El Heraldo
El resguardo kankuamo, ubicado al norte de Valledupar, agrupa a unos 15 mil indígenas que luchan por recuperar su identidad cultural. EL HERALDO
Cesar

Los kankuamos se debaten entre la web y la mochila

Este pueblo, que comparte territorio en la Sierra Nevada con los arhuacos, oguis y wiwas, ha sido el más afectado por la aculturación. Iniciaron cruzada por rescatar su lengua y costumbres.

De los cuatro pueblos indígenas de la Sierra Nevada de Santa Marta, arhuacos, koguis, wiwas y kankuamo, este último con unos 15.000 habitantes, ha sido el más afectado por la incursión de otras culturas.

 

Ya no visten con su indumentaria propia, tampoco conservan su lengua y hay una diversidad de credos. Sus costumbres han cambiado con la invasión de colonos en sus territorios.

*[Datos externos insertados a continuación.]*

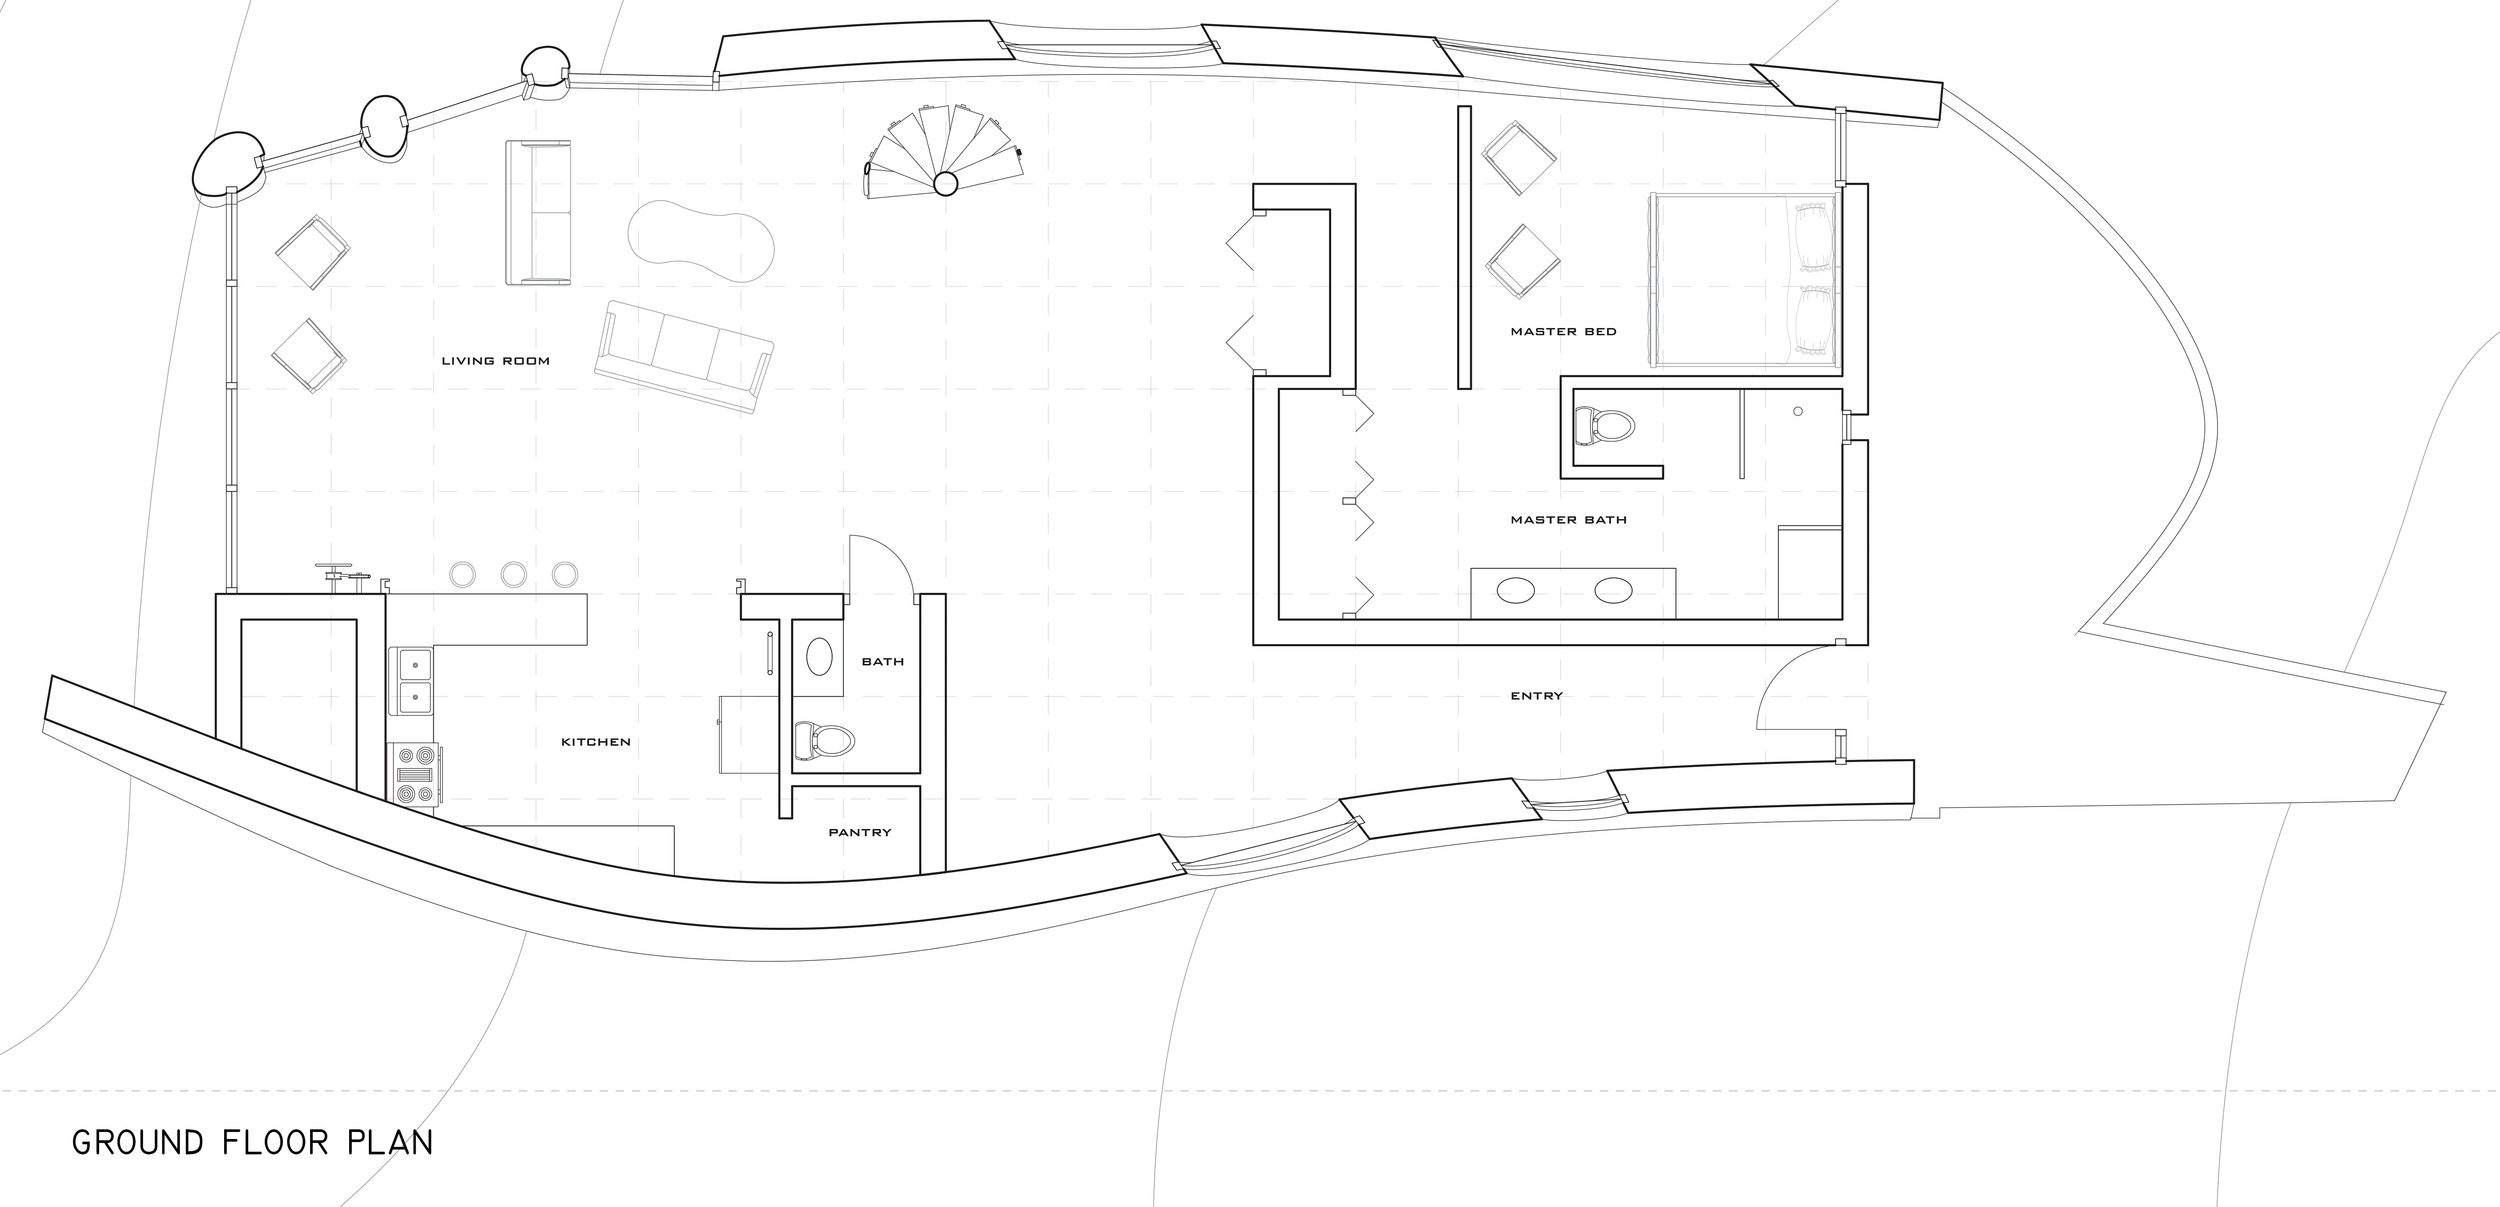 plan_2(really1)_layout.jpg

Pero a pesar de estos golpes a su identidad, se resisten a perderla. Estos nativos que habitan en la vertiente oriental al pie del macizo, entre los ríos Badillo y Guatapurí, teniendo como capital el corregimiento de Atánquez, han iniciado toda una cruzada para luchar por su conservación y supervivencia cultural.

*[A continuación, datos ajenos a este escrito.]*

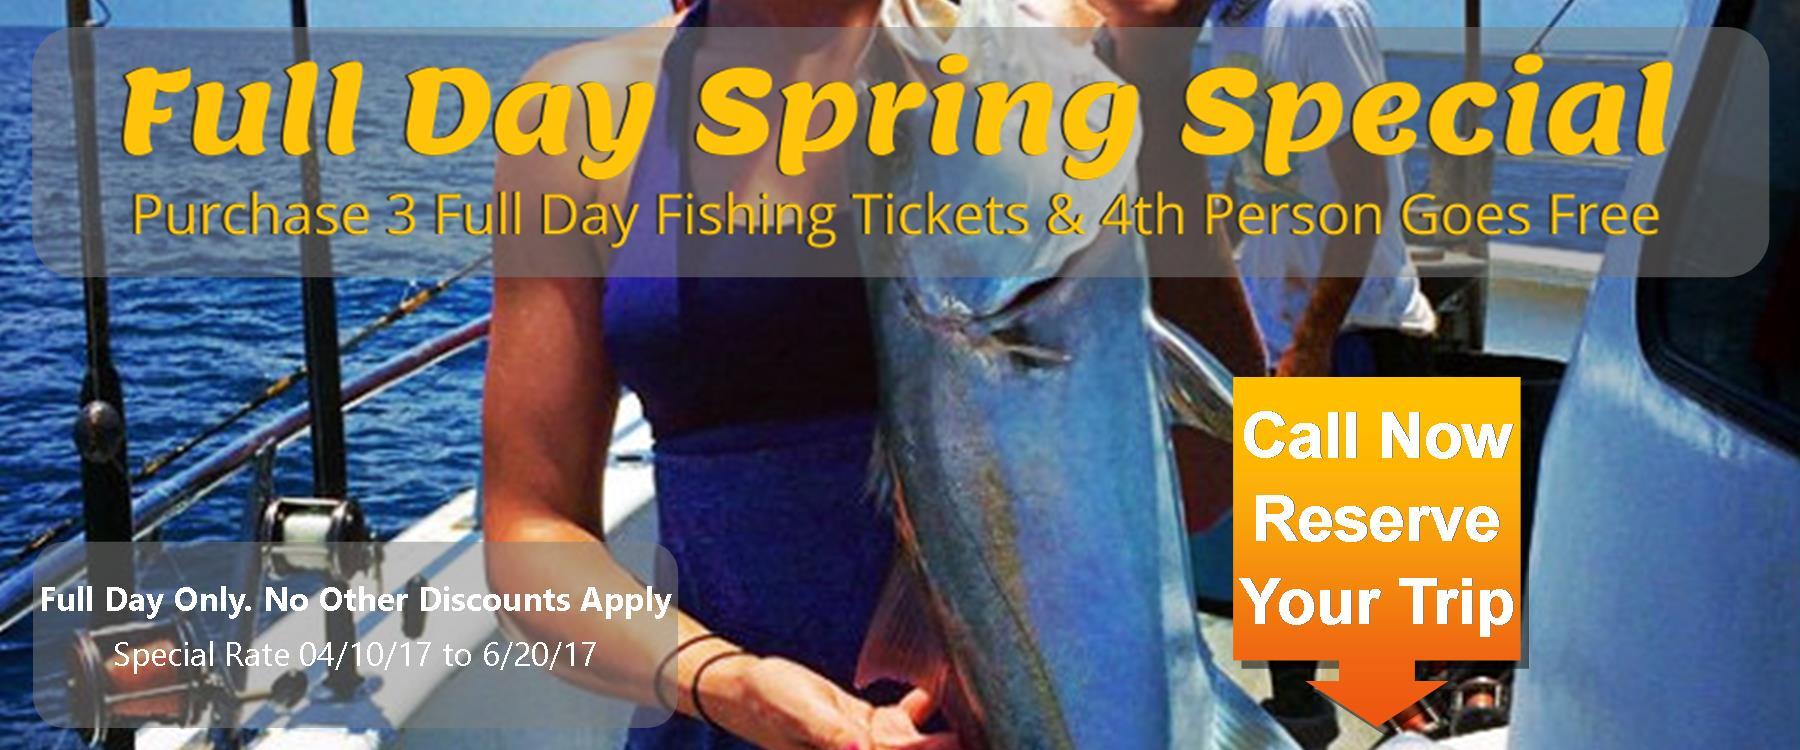 deep sea fishing coupon deal

La elaboración de las mochilas es una tradición que se mantiene y busca perpetuarse con las nuevas generaciones.

Las mujeres enseñan a sus hijos y nietos a hilar la lana de oveja de manera artesanal y a tejerla para darle forma a uno de los elementos que más los identifica dentro y fuera de su resguardo.

También las fabrican con fique, conservando los colores naturales de la vegetación. Aunque es un trabajo prolongado, pues fabricar una mochila puede durar hasta tres meses, es una actividad que aún caracteriza a este pueblo. Las mujeres sentadas en los patios y puertas de sus casas, tejen durante horas, en sus espacios libres, para darle forma al artículo, y los hombres generalmente se dedican a la agricultura.

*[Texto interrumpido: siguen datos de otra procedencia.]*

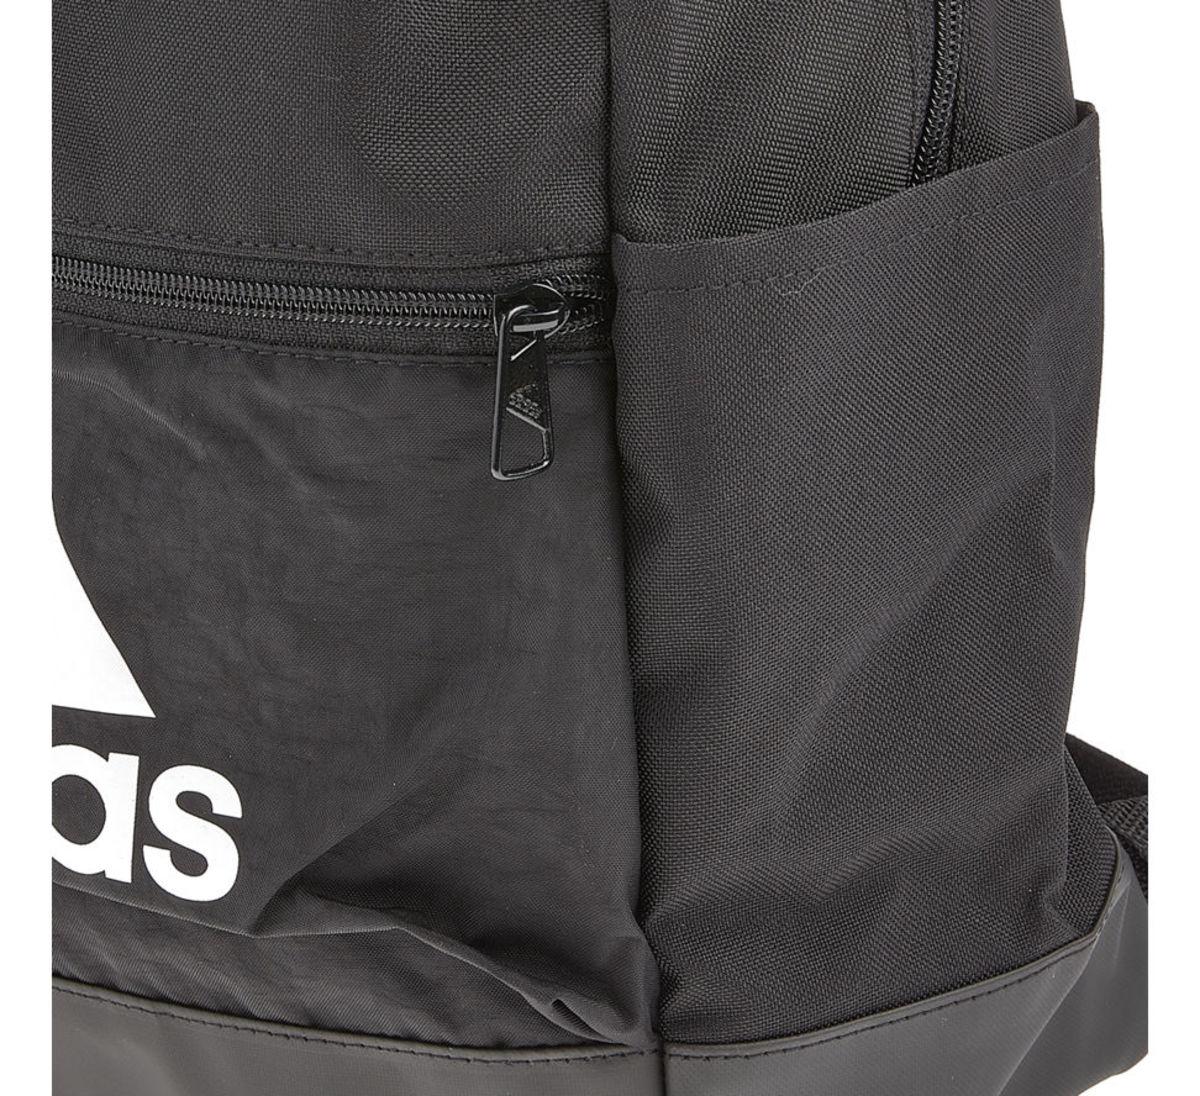 Bild 3 von adidas Rucksack - CLASSIC BP M

Célfida Fuentes, kankuama raizal, tiene 57 años de edad, y dice que la mochila es uno de los valores culturales que aún no se ha perdido en su pueblo. “La lana viene de las crías de ovejas en la Sierra, lo mismo que el fique que se saca de las plantas, que son elementos que nos da la misma naturaleza.

Esta costumbre se la enseñamos a los niños que aprenden desde pequeños”, dice mientras su nieta de crianza, Jhoana Pumarejo, de ocho años, la observa y ayuda a sostener el carreto para hilar.

Pero con un dejo de nostalgia, resalta que su lengua se ha perdido y la vestimenta ha cambiado. “Nos acostumbramos a hablar y a vestir como los blancos, pero siempre hemos luchado por conservar nuestras tradiciones”, afirma.

Tradicionalmente los kankuamos se diferenciaban de los demás grupos serranos por el vestido –dos mantas cruzadas para las mujeres y pantalón corto y sombrero de paja para los hombres-, por el calabazo que usaban para sus poporos y en especial por su lengua de origen Chibcha, ahora visten jean, camisas, botas y hablan castellano.

El proceso de aculturación del pueblo kankuamo viene de hace más de 300 años con el establecimiento de misiones desde las primeras incursiones españolas, pero se ha agudizado más desde el siglo pasado, el fácil acceso a su resguardo, al cual se llega por carretera, rodeado de balnearios que son visitados masivamente por turistas y la instalación de gente de otras regiones, dio paso al mestizaje y al cambio.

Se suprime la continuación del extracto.